R - Pour ce qui est des relations entre nos deux pays, nous n'avons pas chômé ces derniers mois ! J'ai eu le plaisir de recevoir à plusieurs reprises mon homologue Vuk Jeremic ici à Paris. Le président Sarkozy a reçu le président Tadic à Evian le 9 octobre. Nous avons donc un dialogue suivi, et ce n'est pas de trop parce que les sujets ne manquent pas entre nous. Bien sûr, il y a la question du Kosovo. Vous connaissez l'engagement français, nous avons eu des désaccords avec Belgrade. Nous espérons que le déploiement de la mission Eulex va permettre d'aplanir les difficultés et de répondre aux préoccupations légitimes des uns et des autres. Je salue d'ailleurs l'engagement constructif de tous afin que comme prévu Eulex se déploie dans l'ensemble du Kosovo au bénéfice de toutes les communautés qui y vivent et notamment des Serbes du Kosovo.
Q - Comment voyez-vous l'agenda du parcours serbe vers l'Union européenne ? Quand la Serbie pourra en devenir Etat membre à part entière ? Quand est-ce qu'enfin les citoyens de la Serbie pourront voyager sans visa en Europe à laquelle géographiquement ils appartiennent ?
R - Bien sûr, la place de la Serbie est en Europe, dans l'Union européenne, nous l'avons redit avec force pendant notre Présidence du Conseil de l'Union européenne.
Mais l'adhésion de la Serbie à l'Union européenne, permettez-moi de vous le dire, est une question qui repose désormais très largement entre vos mains. Bien sûr, nous regrettons de ne pas avoir pu avancer plus vite pendant notre Présidence. Vous connaissez les conditions qui restent pour l'entrée en vigueur de l'Accord de stabilité et d'association.

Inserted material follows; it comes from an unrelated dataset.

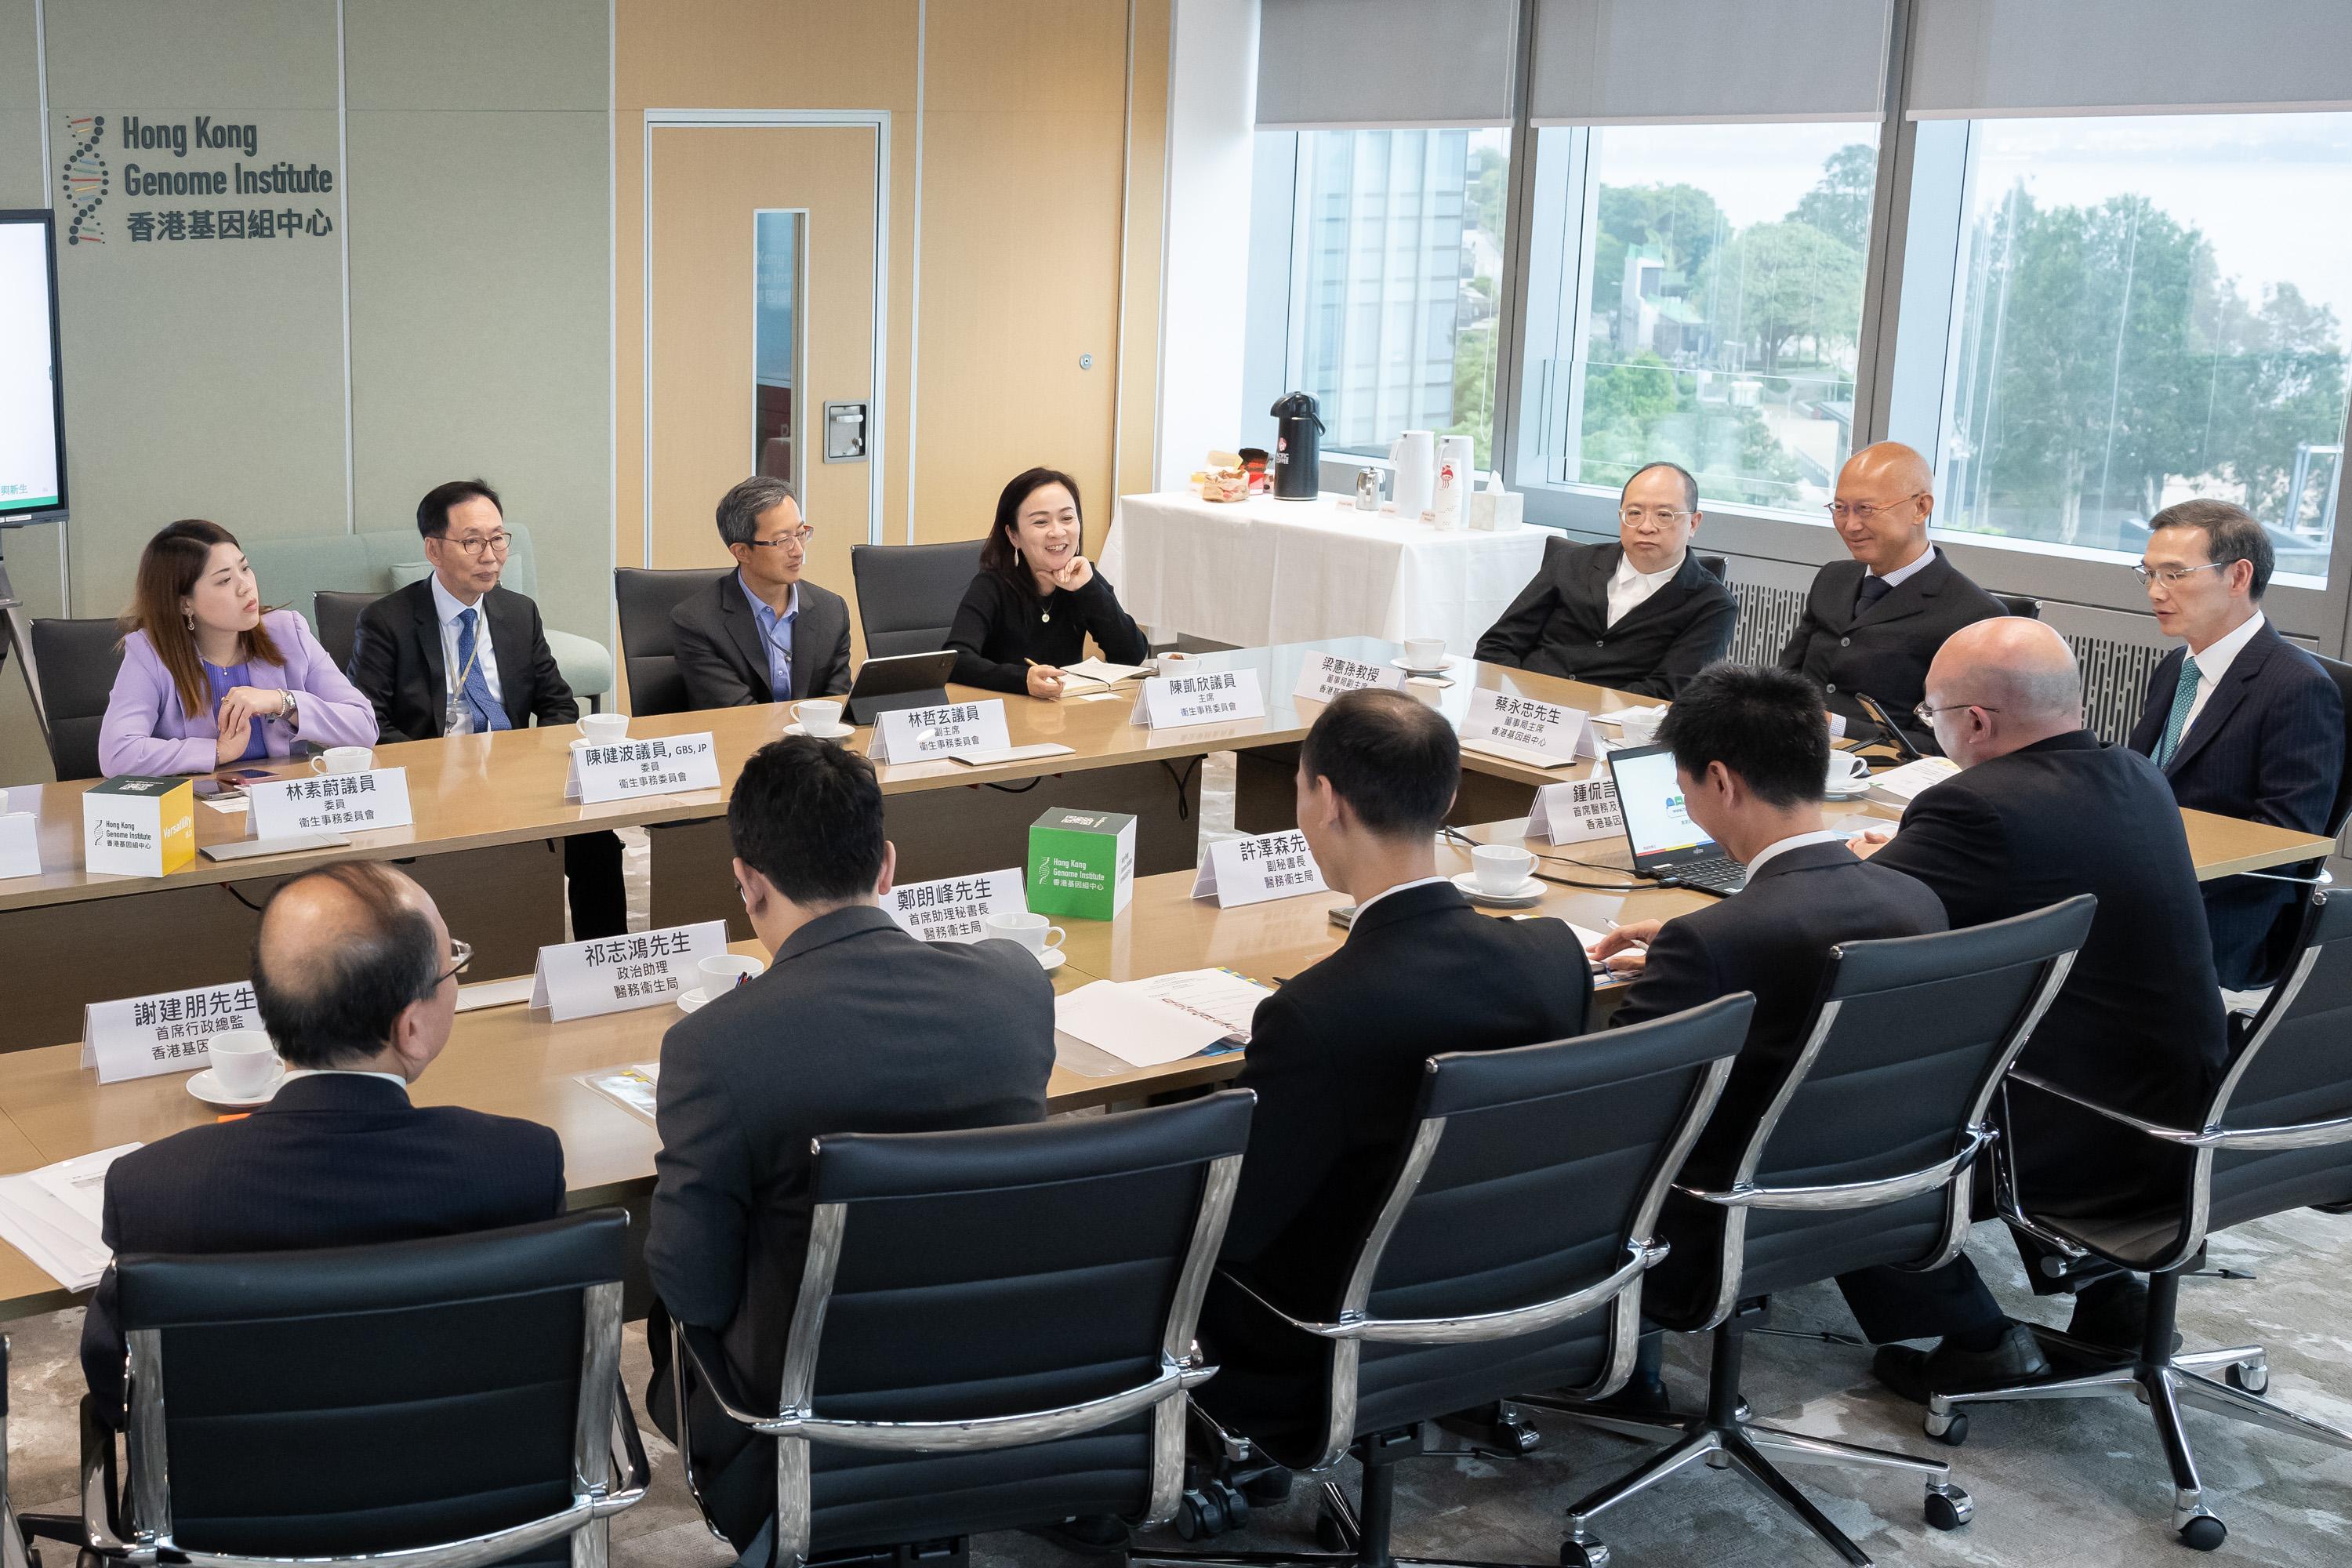 立法會議員聽取中心的管理團隊介紹香港基因組計劃。

Nous avons fait tout notre possible pour convaincre l'ensemble des Etats membres. Les étapes suivantes, j'en suis confiant, seront franchies. Mais c'est des autorités de Belgrade que cela dépend. Je fais confiance à l'équipe en place et à son engagement pro-européen pour accomplir les efforts nécessaires, notamment au regard du TPIY.
Pour ce qui est des visas, j'ai donné des instructions à notre ambassade à Belgrade pour faire le maximum pour accélérer la délivrance des visas. Comme vous le savez, la France avait été à l'initiative, en avril dernier, de mesures de gratuité en matière de délivrance de visas. Bientôt 80 % des visas seront délivrés gratuitement !
La libéralisation proprement dite aura lieu quand la Serbie aura mis en oeuvre les mesures définies par la Commission. C'est la même procédure pour tous les pays des Balkans occidentaux.
Q - Est-ce que l'entrée de la Serbie dans l'Union européenne sera conditionnée par la reconnaissance de l'indépendance du Kosovo? La Serbie peut-elle, comme, par exemple, Chypre, entrer dans l'UE sans avoir la souveraineté étatique sur tout son territoire ? En effet, la Serbie pourra-t-elle terminer avec succès son processus d'intégration européenne si la situation actuelle continue, c'est-à-dire, si certains pays reconnaissent l'indépendance du Kosovo et d'autres non ?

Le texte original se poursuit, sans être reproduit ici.